### TASK INSTRUCTIONS
Could you print the listing again exactly, omitting the pictures?

### RECORDED INFORMATION
==============================

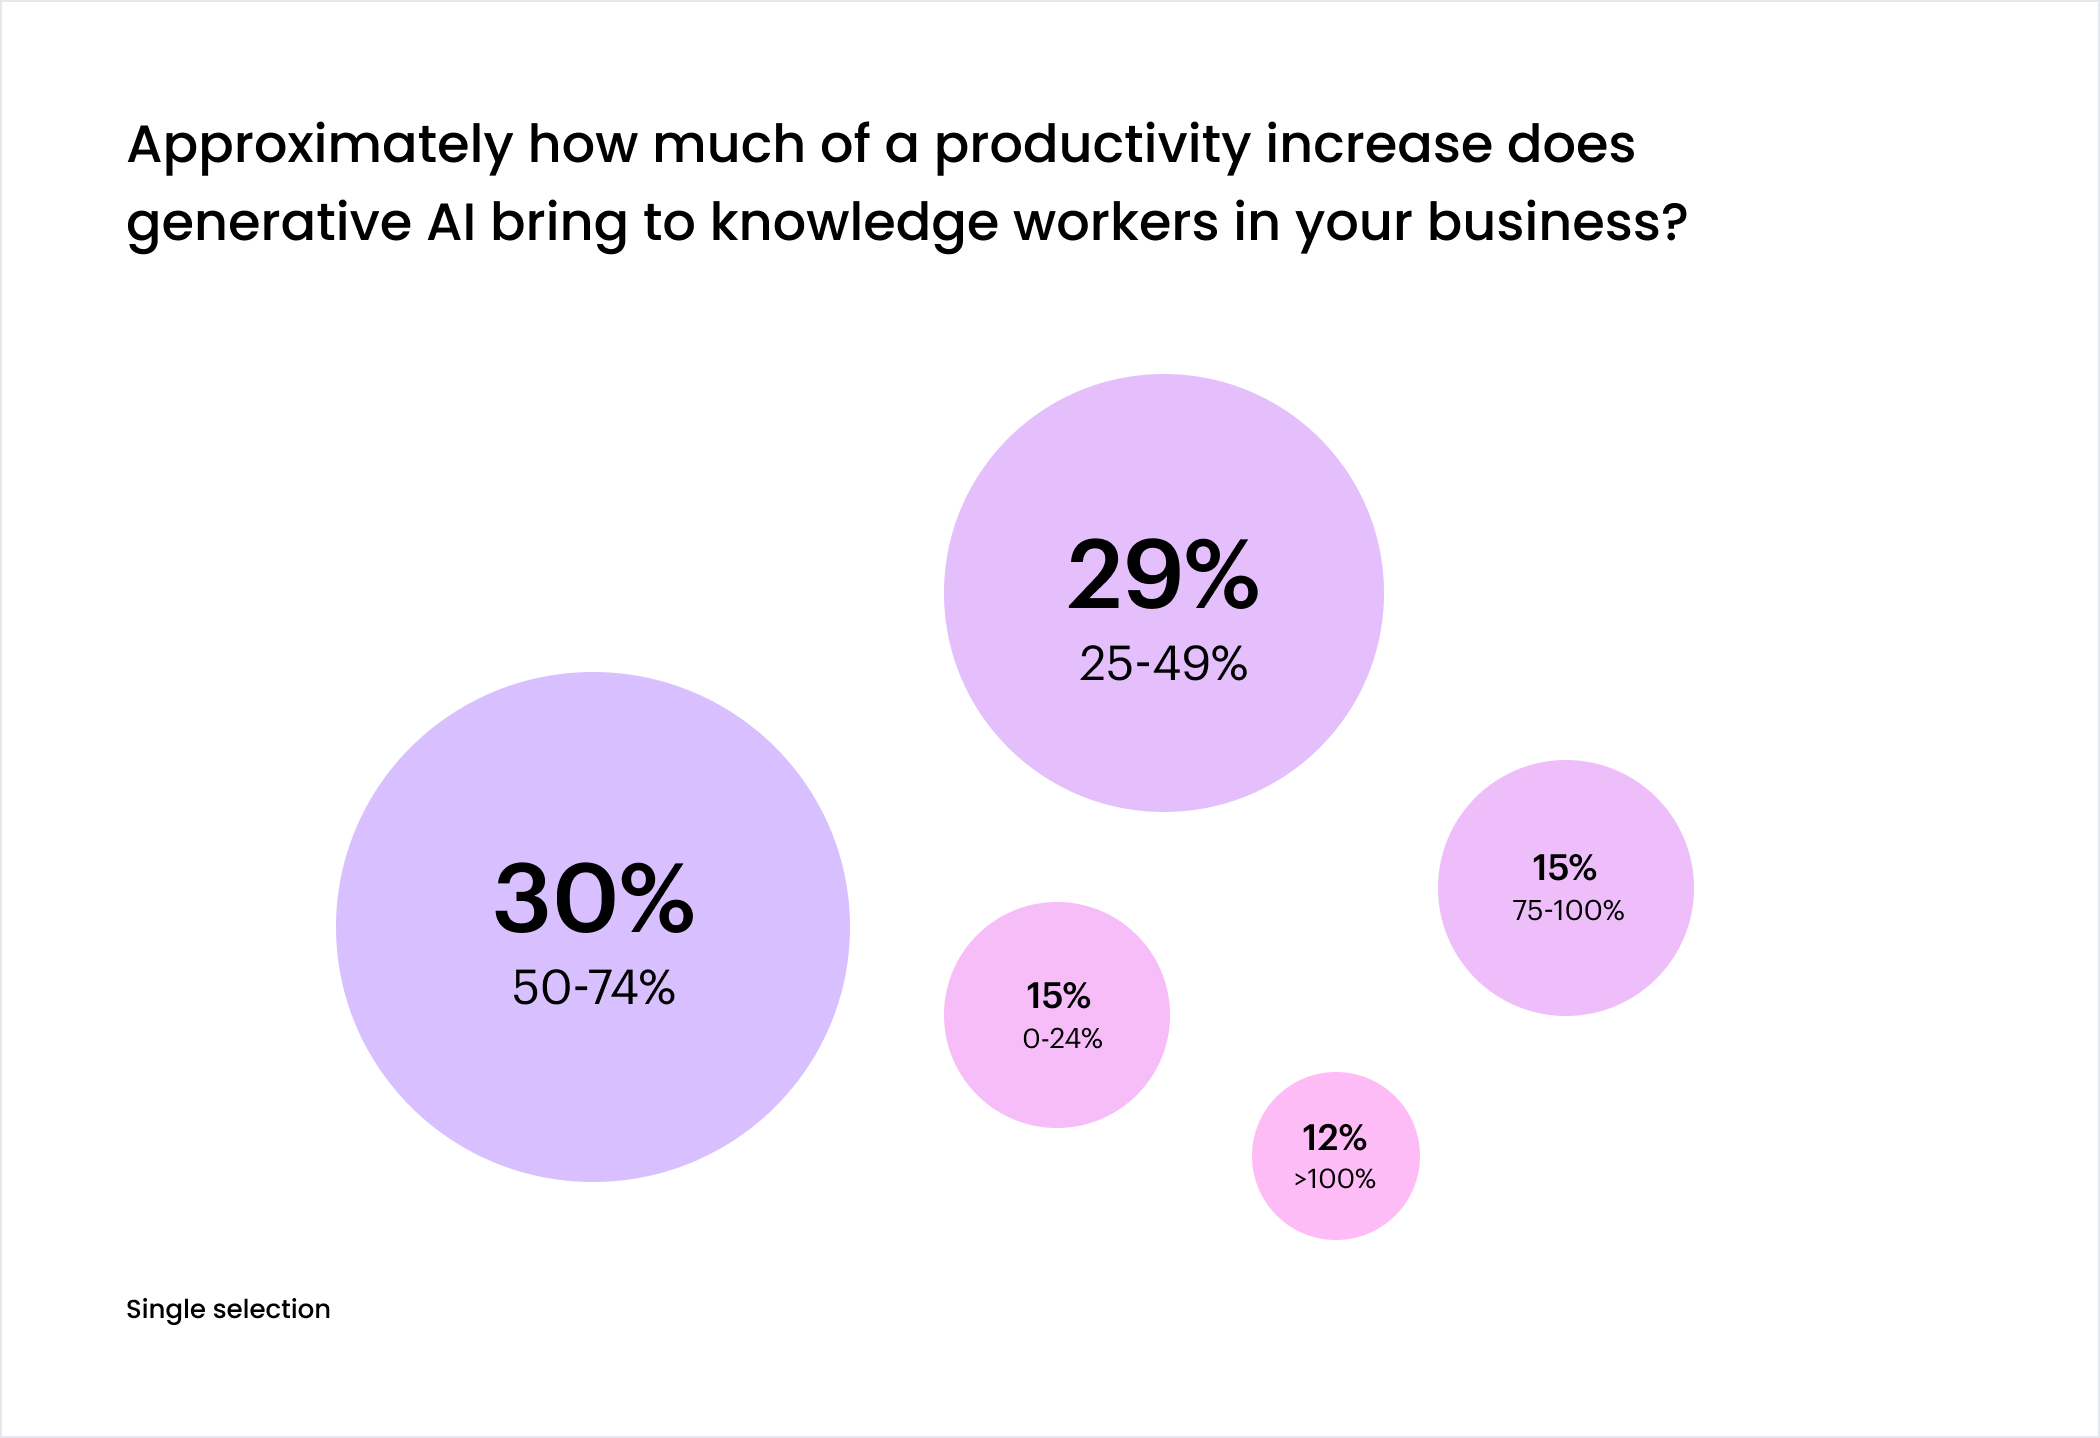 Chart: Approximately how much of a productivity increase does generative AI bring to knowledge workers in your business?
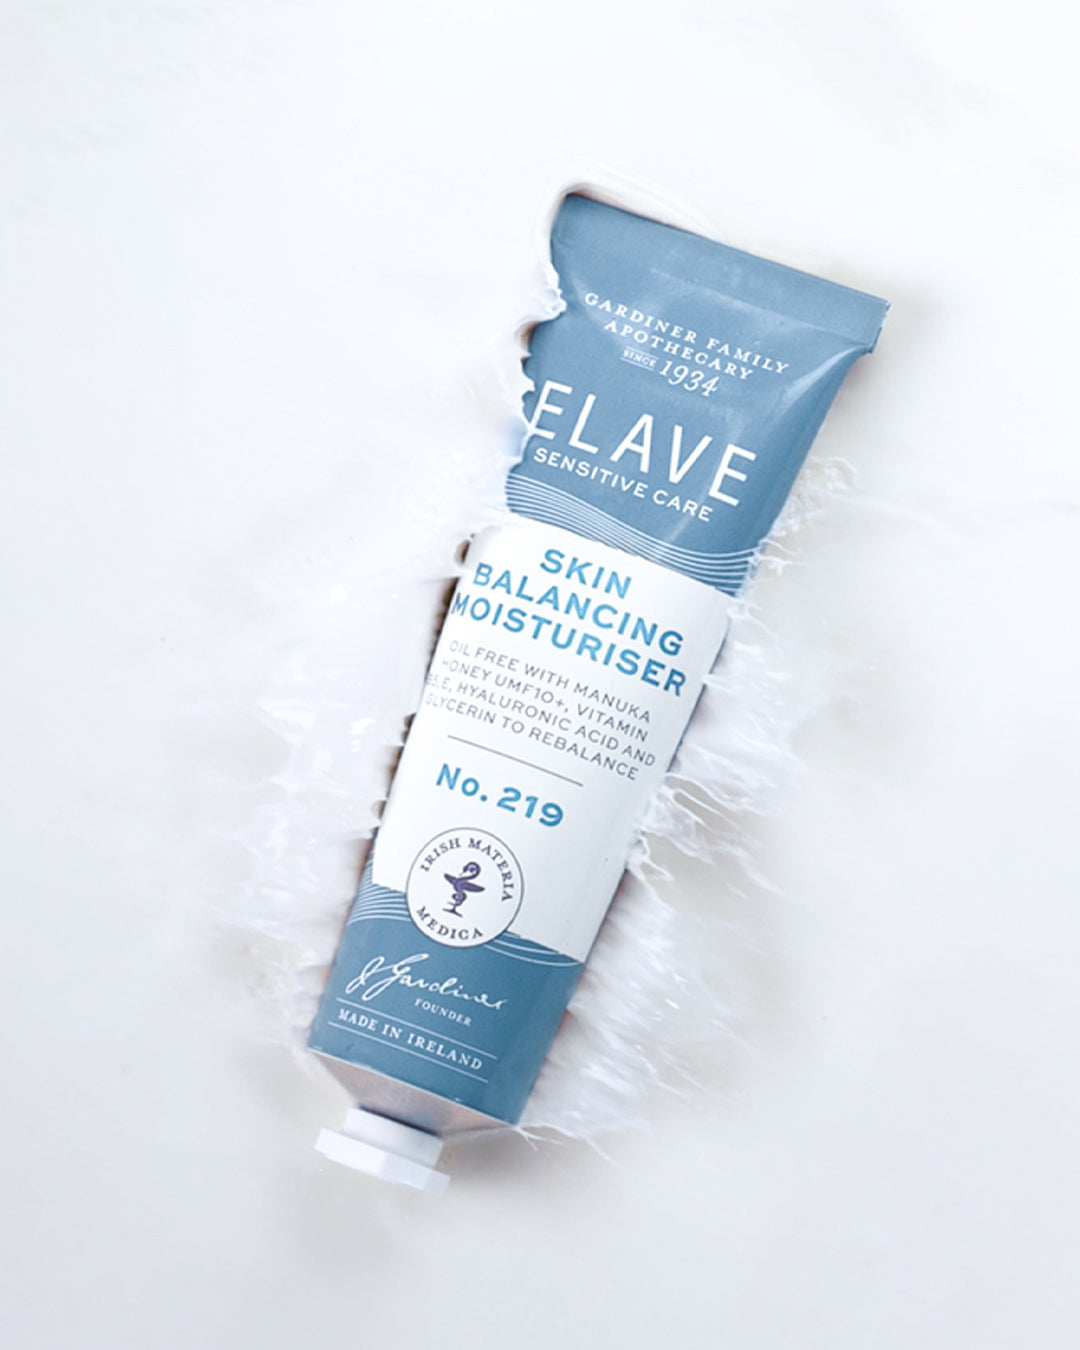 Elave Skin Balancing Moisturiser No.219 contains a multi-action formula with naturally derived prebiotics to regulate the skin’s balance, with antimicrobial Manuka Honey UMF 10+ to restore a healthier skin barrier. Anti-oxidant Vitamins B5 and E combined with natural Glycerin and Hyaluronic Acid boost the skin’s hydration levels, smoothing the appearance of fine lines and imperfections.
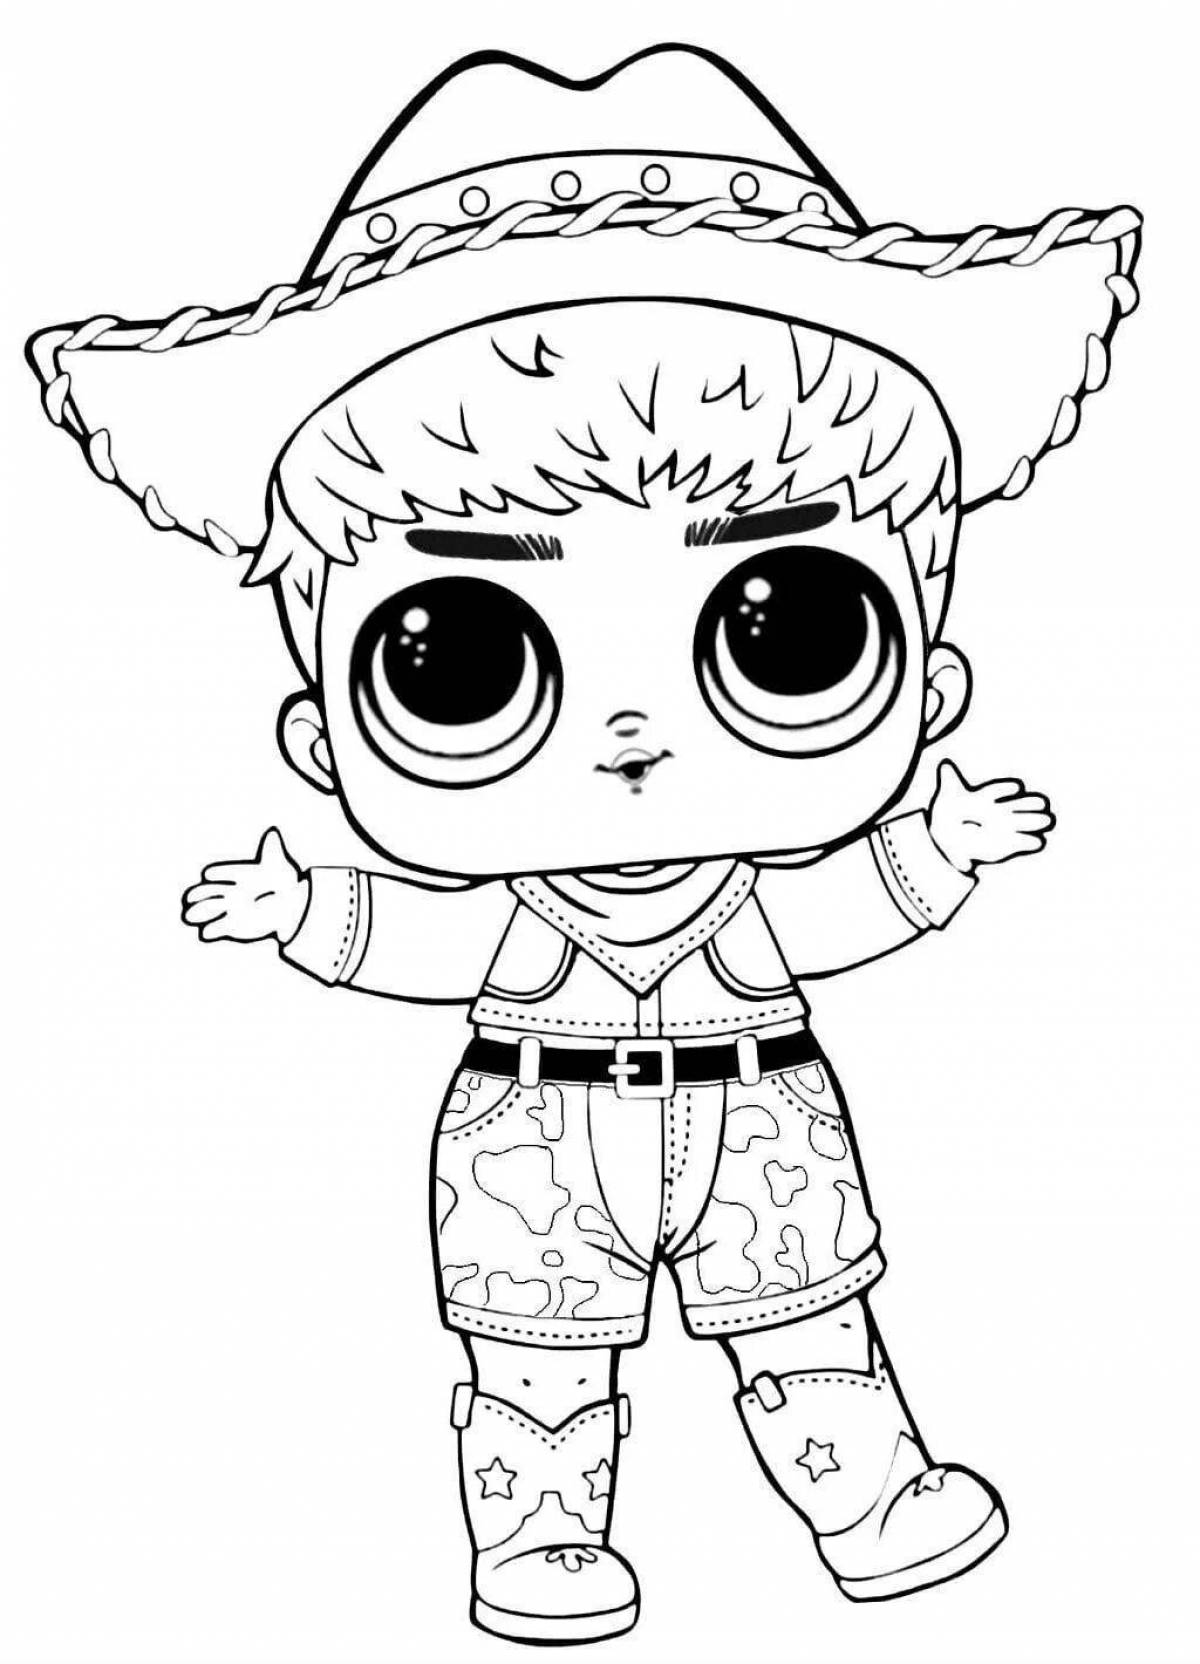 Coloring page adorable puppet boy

==============================

### OUTPUT OF THE TASK
 Chart: Approximately how much of a productivity increase does generative AI bring to knowledge workers in your business?
 Elave Skin Balancing Moisturiser No.219 contains a multi-action formula with naturally derived prebiotics to regulate the skin’s balance, with antimicrobial Manuka Honey UMF 10+ to restore a healthier skin barrier. Anti-oxidant Vitamins B5 and E combined with natural Glycerin and Hyaluronic Acid boost the skin’s hydration levels, smoothing the appearance of fine lines and imperfections.
 Coloring page adorable puppet boy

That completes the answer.